■ RECORDS SHOWN ■
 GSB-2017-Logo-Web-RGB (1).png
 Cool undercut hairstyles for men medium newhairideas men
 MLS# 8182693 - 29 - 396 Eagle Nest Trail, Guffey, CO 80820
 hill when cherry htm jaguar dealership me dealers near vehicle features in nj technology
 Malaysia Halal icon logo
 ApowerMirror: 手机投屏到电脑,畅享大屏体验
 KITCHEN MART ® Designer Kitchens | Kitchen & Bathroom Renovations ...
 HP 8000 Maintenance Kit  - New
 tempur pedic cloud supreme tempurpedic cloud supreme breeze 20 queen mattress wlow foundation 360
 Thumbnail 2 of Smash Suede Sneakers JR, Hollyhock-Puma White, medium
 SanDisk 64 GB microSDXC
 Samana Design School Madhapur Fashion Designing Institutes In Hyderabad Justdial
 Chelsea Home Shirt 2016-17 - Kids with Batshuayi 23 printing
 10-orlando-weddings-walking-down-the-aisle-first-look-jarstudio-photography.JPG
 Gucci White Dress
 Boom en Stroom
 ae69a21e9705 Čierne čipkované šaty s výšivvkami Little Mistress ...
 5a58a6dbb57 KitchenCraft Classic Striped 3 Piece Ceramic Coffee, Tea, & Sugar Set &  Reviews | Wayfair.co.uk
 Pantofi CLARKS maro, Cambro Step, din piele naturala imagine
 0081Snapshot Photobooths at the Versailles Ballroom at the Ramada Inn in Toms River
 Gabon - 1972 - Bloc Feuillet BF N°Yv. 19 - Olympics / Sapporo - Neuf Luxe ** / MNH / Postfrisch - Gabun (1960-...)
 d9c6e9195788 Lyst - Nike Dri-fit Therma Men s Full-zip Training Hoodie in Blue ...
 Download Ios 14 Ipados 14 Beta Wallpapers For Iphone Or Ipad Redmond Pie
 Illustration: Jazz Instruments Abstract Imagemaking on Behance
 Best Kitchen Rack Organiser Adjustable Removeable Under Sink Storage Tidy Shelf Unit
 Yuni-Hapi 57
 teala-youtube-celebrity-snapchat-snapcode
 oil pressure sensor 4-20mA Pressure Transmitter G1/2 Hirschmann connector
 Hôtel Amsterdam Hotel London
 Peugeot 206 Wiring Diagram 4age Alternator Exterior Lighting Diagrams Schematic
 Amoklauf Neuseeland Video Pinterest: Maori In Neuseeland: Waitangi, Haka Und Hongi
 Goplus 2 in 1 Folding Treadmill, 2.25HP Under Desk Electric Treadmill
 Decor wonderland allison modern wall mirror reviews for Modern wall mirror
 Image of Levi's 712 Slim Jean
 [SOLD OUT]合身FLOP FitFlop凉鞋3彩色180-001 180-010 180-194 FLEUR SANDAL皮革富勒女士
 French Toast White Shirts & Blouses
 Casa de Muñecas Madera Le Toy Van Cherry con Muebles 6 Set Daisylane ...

■ TRY IT ■
Your task is to copy every line of the entries that contains the string "White".

■ RESPONSE BOX ■
 Thumbnail 2 of Smash Suede Sneakers JR, Hollyhock-Puma White, medium
 Gucci White Dress
 French Toast White Shirts & Blouses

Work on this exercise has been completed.